- President Donald Trump’s bid to kill wind power is straining the clean energy industry — and imperiling GOP lawmakers whose communities have seen wind as an economic boon.
- Few of those lawmakers are more endangered than Iowa’s Mariannette Miller-Meeks.
- Hailing from a state that gets nearly two-thirds of its electricity from wind turbines while paying some of the lowest power bills in the nation, Miller-Meeks… cast a crucial vote for Trump’s One Big Beautiful Bill, which wiped out billions of dollars in wind’s economic incentives — throwing Iowa’s 50-plus wind-related companies into uncertainty.
- That vote is giving Democrats new hope of capturing Miller-Meek’s district in Iowa’s southeast corner, where she won reelection last year by only 798 votes.
- Republicans are scrambling to preserve their narrow House majority in next year’s midterms, with national polls showing most voters unhappy with the GOP’s sweeping budget bill.
- But the following morning, [Miller-Meeks] stood side by side at the Ames National Laboratory with Trump Energy Secretary Chris Wright, who used the occasion to argue that heavy federal government spending on renewable energy is “nonsensical.”
- The contradiction won’t fly with Iowa voters, said Matt Mohrfeld, the Democratic mayor of Fort Madison, which is home to a Siemens Gamesa wind turbine plant that employs about 300 people.
- “It does break my heart to speak out against Marianne Miller-Meeks because she’s a friend, but on this one she was wrong and it’s going to be a crucial mistake,” Mohrfeld said. “I don’t know how anybody in good faith could vote against alternative energy if they’re elected by the people in Iowa. She will not be reelected.”

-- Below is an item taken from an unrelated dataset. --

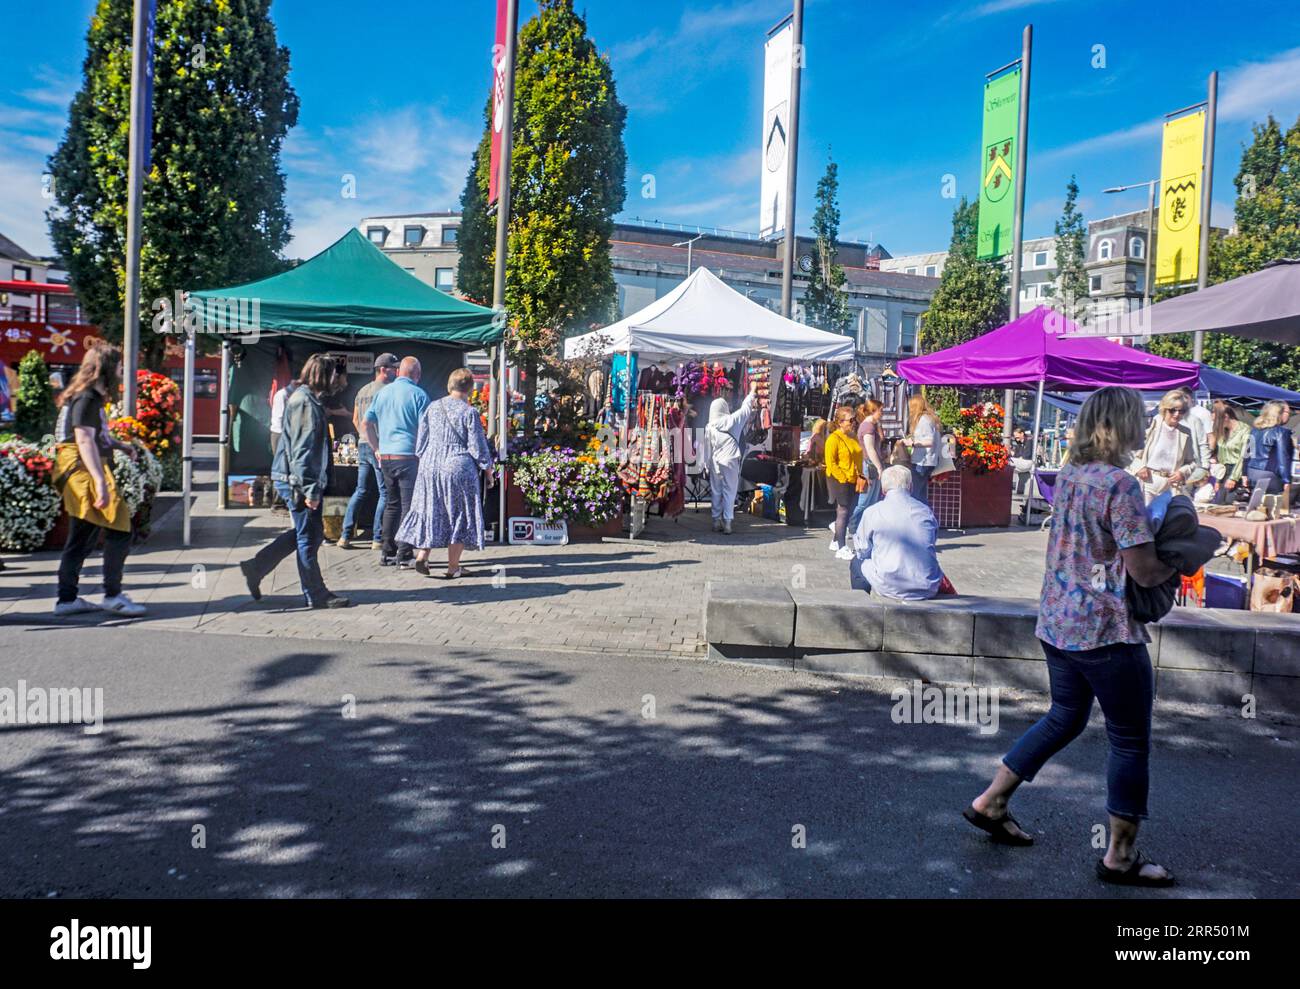 Der kleine Händlermarkt auf dem Eyre Square in Galway, Irland. Jeden Samstag findet eine große Auswahl an Handwerkskunst und Lebensmitteln statt. Stockfoto

- Few states have embraced wind power the way Iowa has.
- The Republican stronghold gets more of its electricity from wind than any other state. More than 50 companies are part of its wind industry, which has drawn $22 billion in total investments in the past three decades. Despite Trump’s and Wright’s claims that wind power makes electricity more expensive and unreliable, Iowa’s power costs are among the lowest in the nation and its grid is among the most stable.
- Democrats say Trump’s policies are stoking inflation and will worsen already-rising power prices by stifling development of inexpensive and easy-to-deploy solar and wind, the country’s fastest-growing sources of electricity.
- In Miller-Meeks’ district alone, three large manufacturing plants — including Siemens Gamesa — produce blades for wind turbines.
- The federal cutbacks and potential job losses are coming as spiking power prices around the country offer an opening for Democrats to make an economy-focused pitch for taking back the House.
- Wright conceded in the interview with POLITICO that rising electricity rates are a political problem that Republicans are “going to get blamed” for…
- Still, Richie Schmidt, president of Laborers Local 177 in Des Moines, said he expects a slowdown in energy-related construction work among his 5,000 union members in Iowa.
- “When we’re forecasting manpower, we see a big push right now to whatever wind projects and solar projects were on the books, to get those things under construction,” Schmidt said. “But unfortunately, when this rush is done, we have a feeling it’s going to be really over.”